Proje Kargo: Taşınması hassasiyet gerektiren gabari (ölçülü) yüklerin taşınması ‘Proje Kargo’ konusudur ve bu lojistikte tanım gereği zaman konusu kritiktir. Çünkü zamanda ihlal veya aksama büyük kayıplar yaratır.
Yönetim uzmanlığı: ‘Proje Taşıma’ yükleri uzmanlık deneyim ve özel bilgi gerektirir. Örneğin; her lojistik hat, proje taşımacılığının ihtiyacını karşılamaz. Doğru hat seçimi önem kazanır. Kriz bölgelerine yük taşıma; güvenliği garanti eden anlaşmalar gibi konular uzman ve dinamik kadroları gerektirir.
Planlama uzmanlığı: ‘Proje Taşımacılığı’ yükün türüne göre bazen birden fazla taşıma şeklini gerektirir. (Tren-Gemi , Hava-Kara, Deniz-Kara vs.). Sonsuz seçenek yoktur ama birden fazla seçenek olabilir.
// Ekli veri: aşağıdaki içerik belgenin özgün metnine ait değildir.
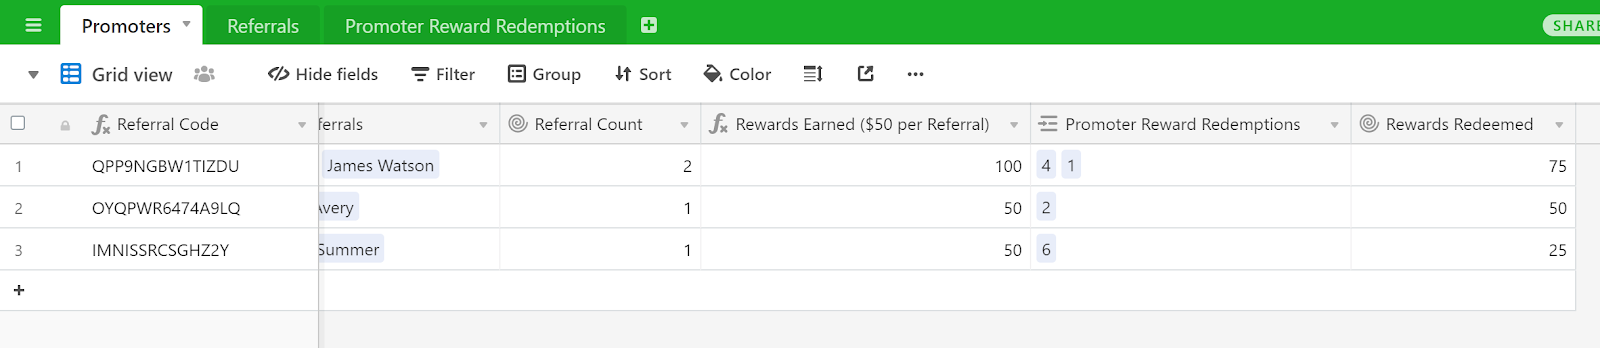 Referral Tracking spreadsheet Promoters tracking rewards and referrals screenshot example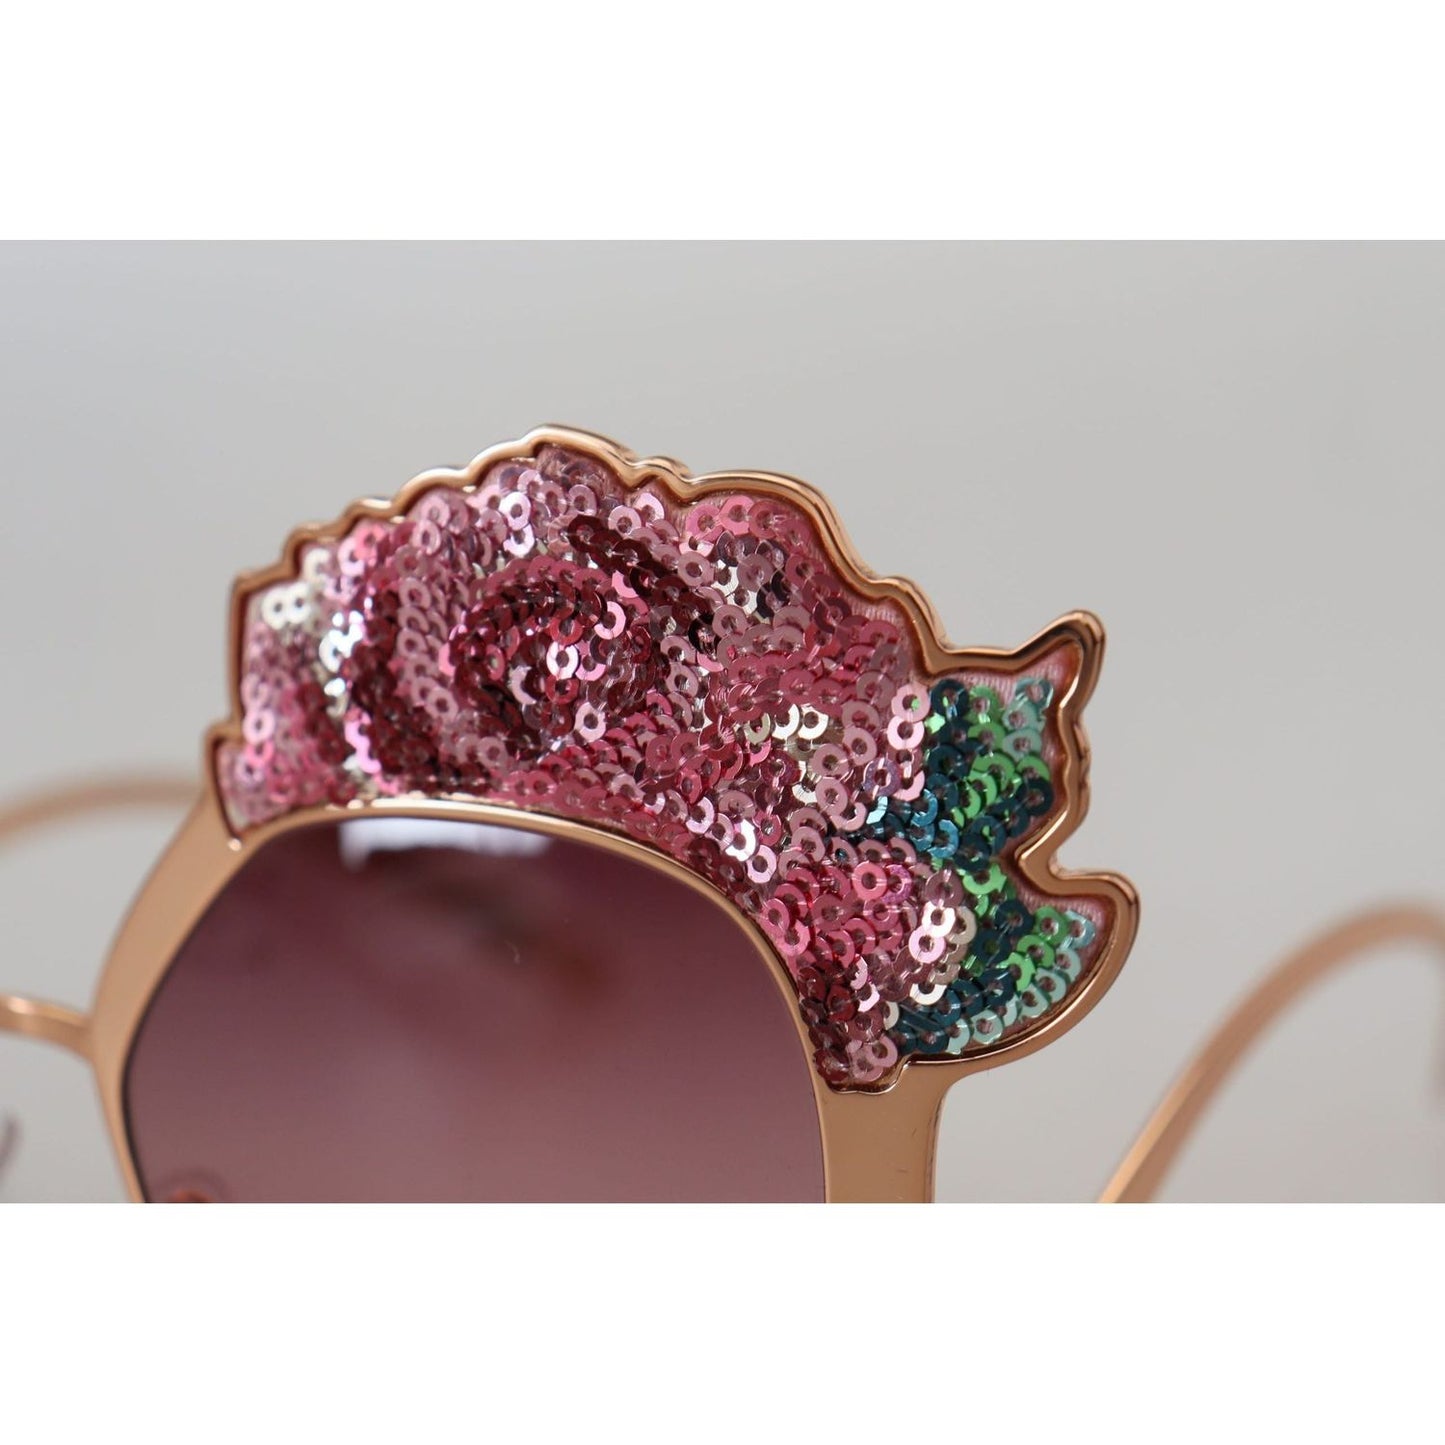 Dolce & Gabbana Chic Rose Sequin Embroidered Sunglasses pink-gold-rose-sequin-embroidery-dg2202-sunglasses IMG_5698-1-scaled-fa143ac0-ae9.jpg

Bu noktada titizlik ve milimetrik planlama öne çıkar. Görünmeyen riskler önceden görülür. Güzergah üzerinde kontrol noktaları oluşturma, günlük ve haftalık iş takip raporları verebilme gibi yüksek düzey uzmanlıklar gerekir.
Bölgesel uzmanlaşmalar: Lojistikte altyapıdan yasalara ve kapasiteye kadar bölgesel farklılıklar ortaya çıkar. Örneğin; Türk Cumhuriyetleri’ne, Ortadoğu ve Arap Yarımadası’na taşıma farklılıkları gibi. Sorunu bölgesel uzmanlaşma çözebilir.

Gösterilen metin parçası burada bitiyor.